There are a number of places where the language of the Standard gives compilers freedoms beyond what are required for useful optimizations, but which would instead provide compilers with ways to throw the Principle of Least Astonishment out the window. The way the rules about endless loops are written fits that category.
Most of the optimizations which would be facilitated by the rules about endless loops would be enabled by language which specified that the time required to execute a section of code, even if infinite, is not considered to be a side-effect that compilers are required to preserve. Such a rule would allow a compiler to omit any loop iterations which don't have any direct side-effects and don't modify values that are used elsewhere.
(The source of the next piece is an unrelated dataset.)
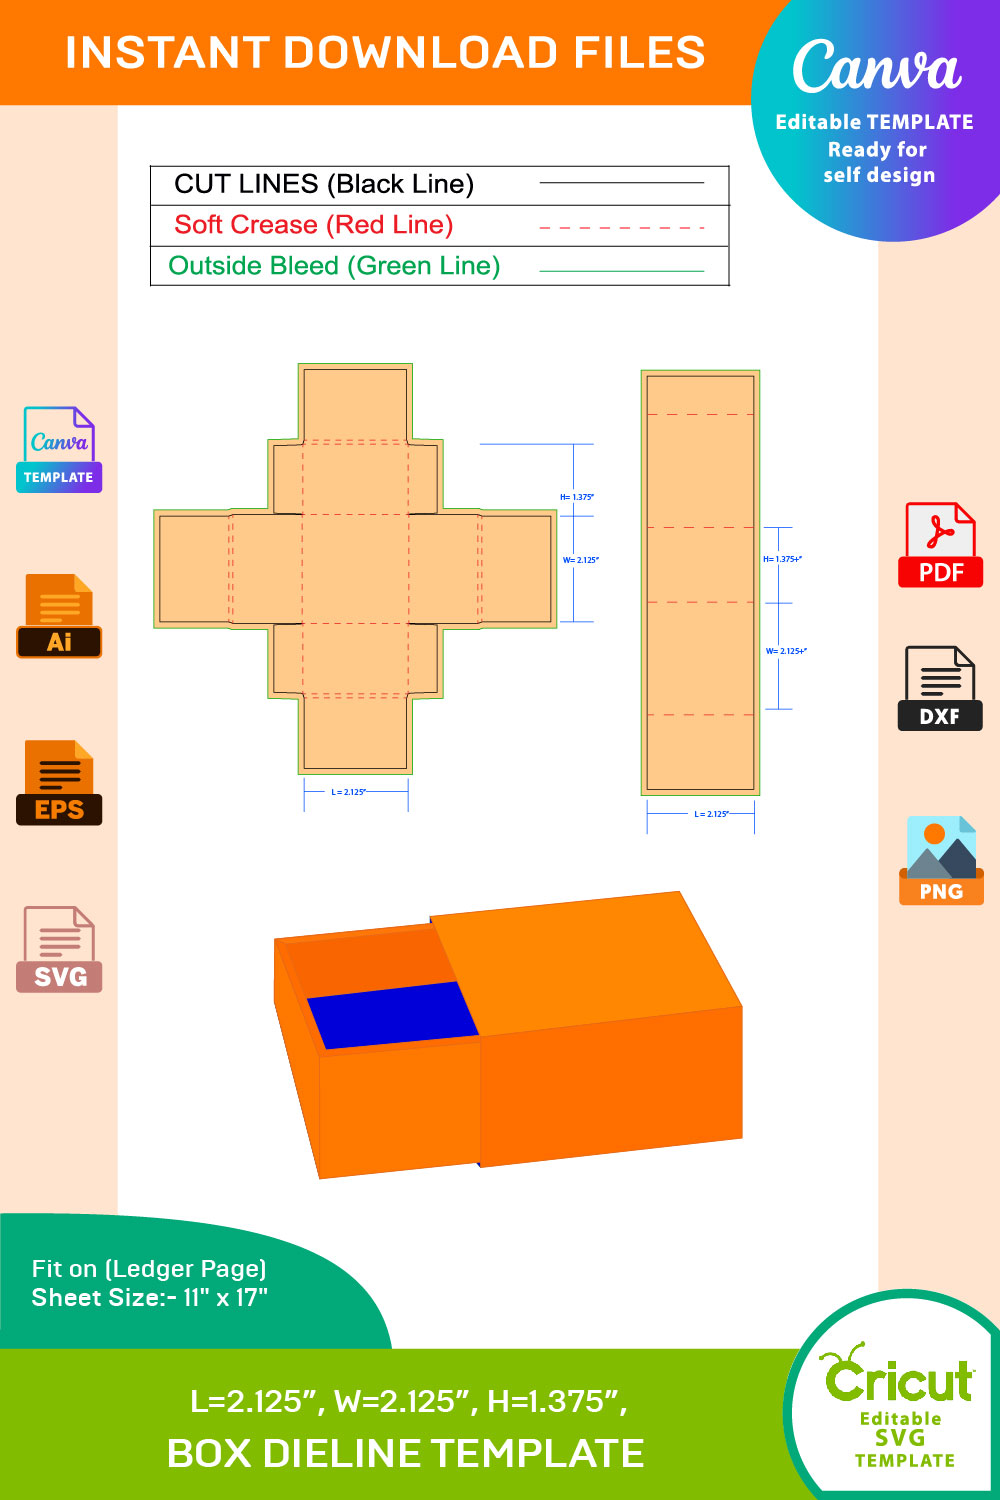 Wood Match Box, Dieline Template, SVG, EPS, PDF, DXF, Ai, PNG, JPEG pinterest preview image.

The Standard, however, goes beyond that. Given the code:
int foo(void)
{
int x=0;
do
{
x=functionWithNoSideEffects(x);
} while(x != 23 && x != 42);
return x;
}
a compiler that could show that functionWithNoSideEffects would never have
any defined side-effects and would never return 23 could replace the code for "foo" with "return 42;". Even if the purpose of the program was to test whether functionWithNoSideEffects would ever return 42 (in which case having the generated code return 42 whether the function does or not would be unhelpful) the Standard would not require compilers to generate code to actually test that unless the loop included some kind of "side-effect".
I'm not personally convinced that the value of having a rule that says that
if compilers can show that a loop can't terminate without X being true, they
may regard X as being true whether or not there's any means by which it
could be. Optimizations based on that principle seem popular, however.